Milton Avery’s career extended from the 1930s until the early 1960s, and during that time he created a highly distinctive style founded on many of the premises of modern French art, those of Matisse in particular, and on the rich tradition of American folk art. He lived and worked in America and became an important artistic mentor for a new generation of painters such as Adolph Gottlieb, Barnett Newman and Mark Rothko, who, as Rothko later affirmed, were younger, questioning, and looking for an anchor.
Avery’s restraint and economy of means introduced the future abstract expressionists to the idea of laying on paint in a way that drew attention to the richness of the medium rather than to the brushwork. As the painter Hans Hofmann pointed out, Avery was one of the first of the American artists to relate colours in a plastic way, and in doing so exerted a strong influence on the way Rothko and Newman found their own ways of making colour evoke the sublime. I am not seeking pure abstraction, Avery wrote in 1951, rather the purity and essence of the idea expressed in its simplest form.
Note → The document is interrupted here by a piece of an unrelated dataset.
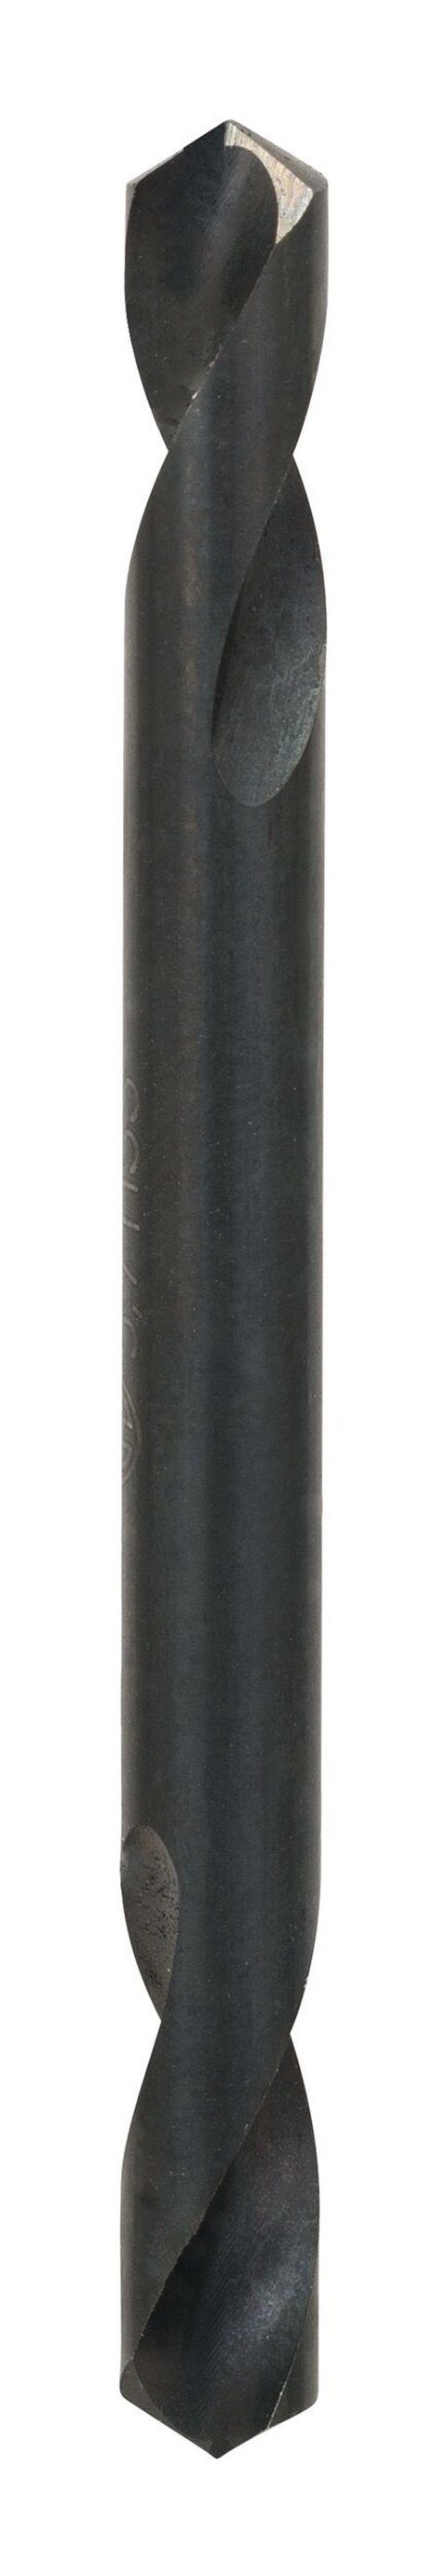 BOSCH Metallbohrer, (10 Stück), HSS-G 66 5,7 mm 10er-Pack - Doppelendbohrer - x 19 x

Avery’s works on paper are among the most serene expressions of his search for the essence of an idea, revealing what David Anfam, in his catalogue essay, calls a long-pondered pictorial synthesis mapping the regions between subjective feeling and empirical observation. The oils on paper were begun in 1960 when Avery was recovering from his second heart attack and was forced to restrict his physical activities to leisurely strolls along the lakeside at Woodstock where he was spending the summer months. The empathy between the artist and nature is at its most striking in these works which, as Anfam points out, play on and renew the venerable tradition of the pastoral in landscape painting. In his funeral oration, delivered four days after Avery’s death in January 1965, Rothko paid tribute to his friend’s natural lyrical gift: His is the poetry of sheer loveliness, of sheer beauty. Thanks to him this kind of poetry has been able to survive in our time. From the beginning there was nothing tentative about Avery. He always had that naturalness, that exactness and that inevitable completeness which can be achieved only by those born to sing.